Tuesday, August 22, 2017
COVE POINT LIGHTHOUSE-MARYLAND
Cove Point Light Station in 1928
Photograph courtesy U.S. Coast Guard
This light was built in 1828 by John Donahoo, who erected a 36 foot brick conical tower along the plan that he has used at several other sites in the Bay. In 1825 Congress had allocated funds to build a light at Cedar Point, four miles south at the mouth of the Patuxent River, but further consideration led to a decision to mark Cove Point and the shoal which jutted into the bay. A new appropriation in 1828 allowed construction of the light and the keepers house in the same year. James Somerville was the first keeper of the light, which first shown in December 1828. The original Argand lamps were replaced in 1855 with a fifth-order Fresnel lens; this in turn was upgraded to a fourth-order lens in 1857. A fog bell added in 1837 was moved several times and was mounted on both wood and iron frames before ending up on the roof of a wooden shed built in 1902 to house a fog horn.The foghorn equipment was moved in 1950 to a separate brick building, but the fog bell remains on the shed. Erosion was a significant problem, but was eventually brought under control through a seawall initially constructed in 1892 and upgraded in 1913 and 1993. The keeper's house was enlarged in 1881 when it was converted to a duplex with housing for two keepers and their families, and again in 1925 when inside kitchens were installed. In 1950 a separate small house was built as a home to a third keeper and his family. The lighthouse was completely automated in 1986. Cove Point remains an active aid to navigation and is the oldest continuously operating lighthouse on the Chesapeake Bay.
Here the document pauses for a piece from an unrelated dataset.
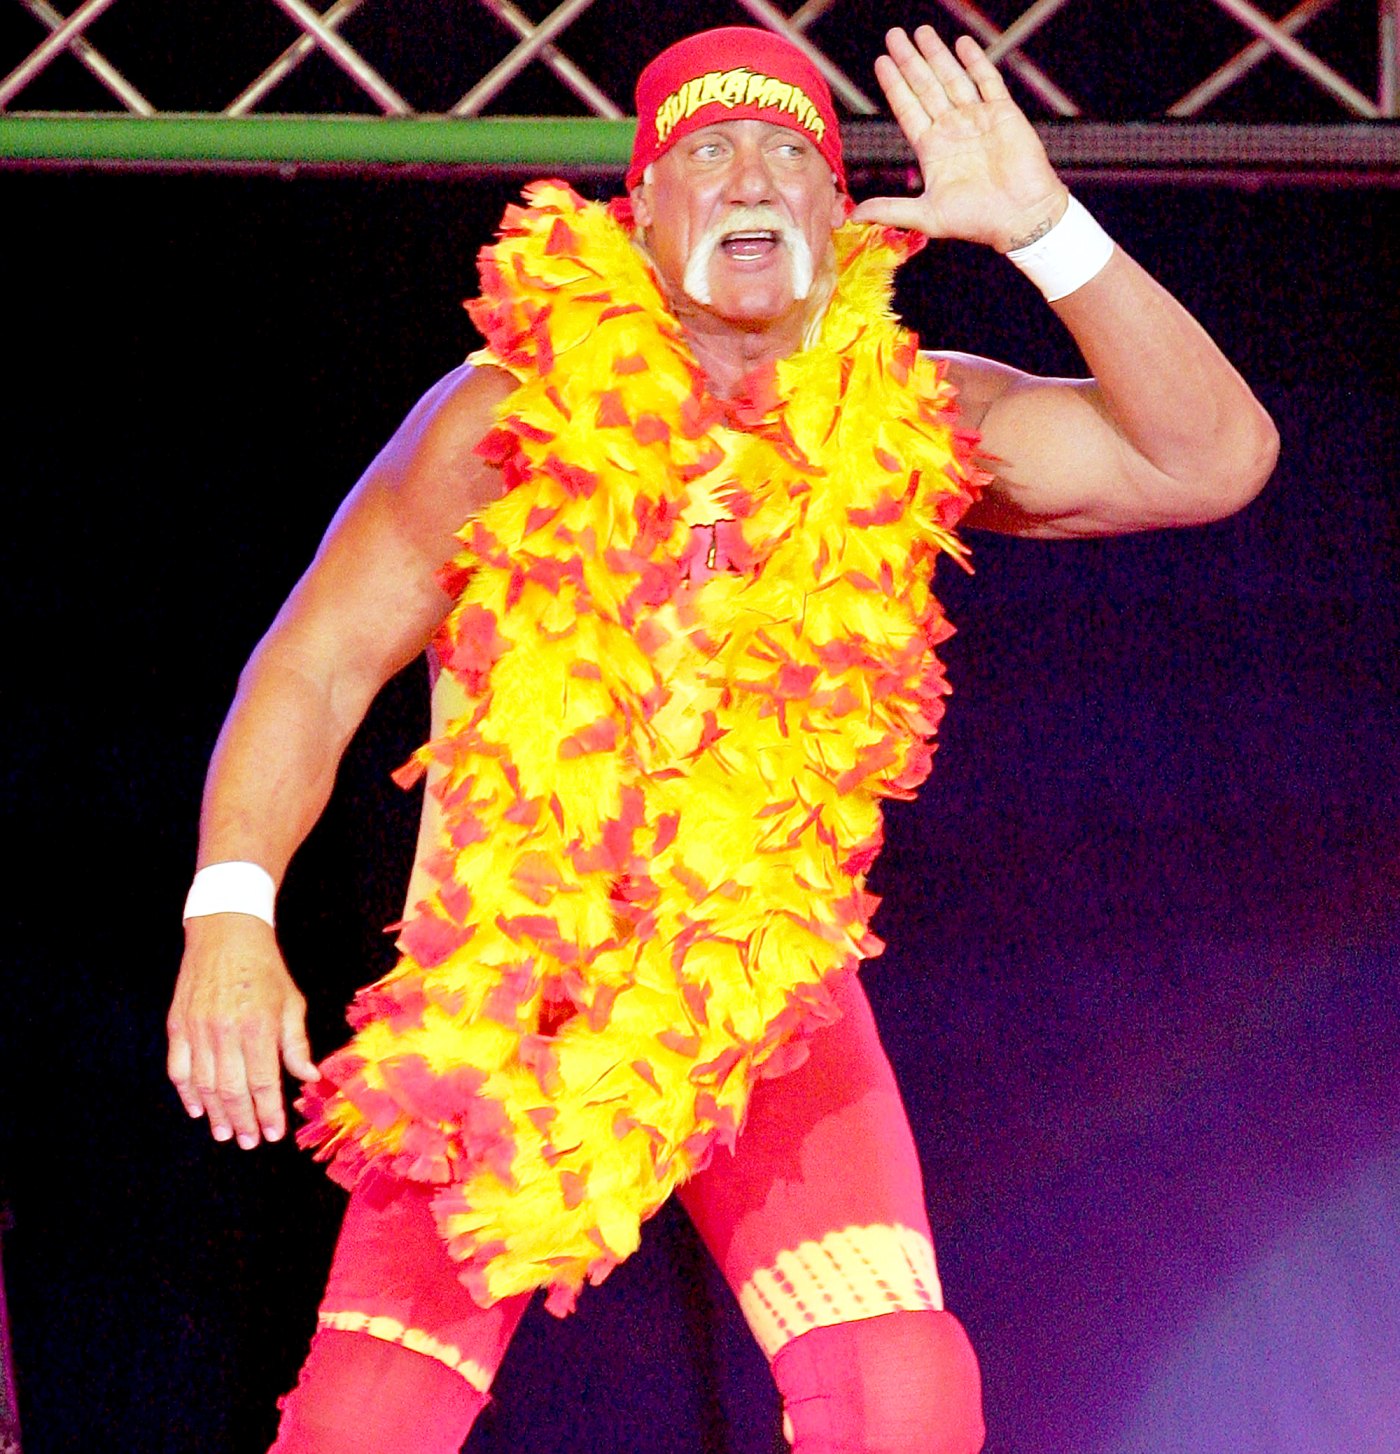 Gawker Media Files for Bankruptcy After Hulk Hogan Lawsuit Judgment ...

Focal Height: 45' (14 m), Range: 12 nautical miles (22 km), Characteristic: flashing white-10sec
POINT LOOKOUT LIGHTHOUSE-POINT LOOKOUT STATE PARK, MARYLAND
Point Lookout Lighthouse with windmill in 1930
Photograph courtesy of U.S. Coast Guard
On May 3, 1825, the Federal Government decided that a light was needed at Point Lookout to warn ships of the shoals and to mark the entrance to the Potomac River, and appropriated $1,800 for the project. The owner, Jenifer Taylor refused the offer of $500 for the land, though he apparently offered to accept this price if he was named keeper. The purchase was delayed and eventually a county commission set a value of $1,150. Because of the cost overruns for the land purchase, Congress appropriated $4,500 on May 23, 1828, and awarded a contract on July 22, 1830 to John Donahoo for $3,050. Donahoo built a story-and-a-half house which was first lit on September 20, 1830 by keeper James Davis. Davis died a few months after taking the oath of office and his daughter, Ann Davis, kept the light until 1847.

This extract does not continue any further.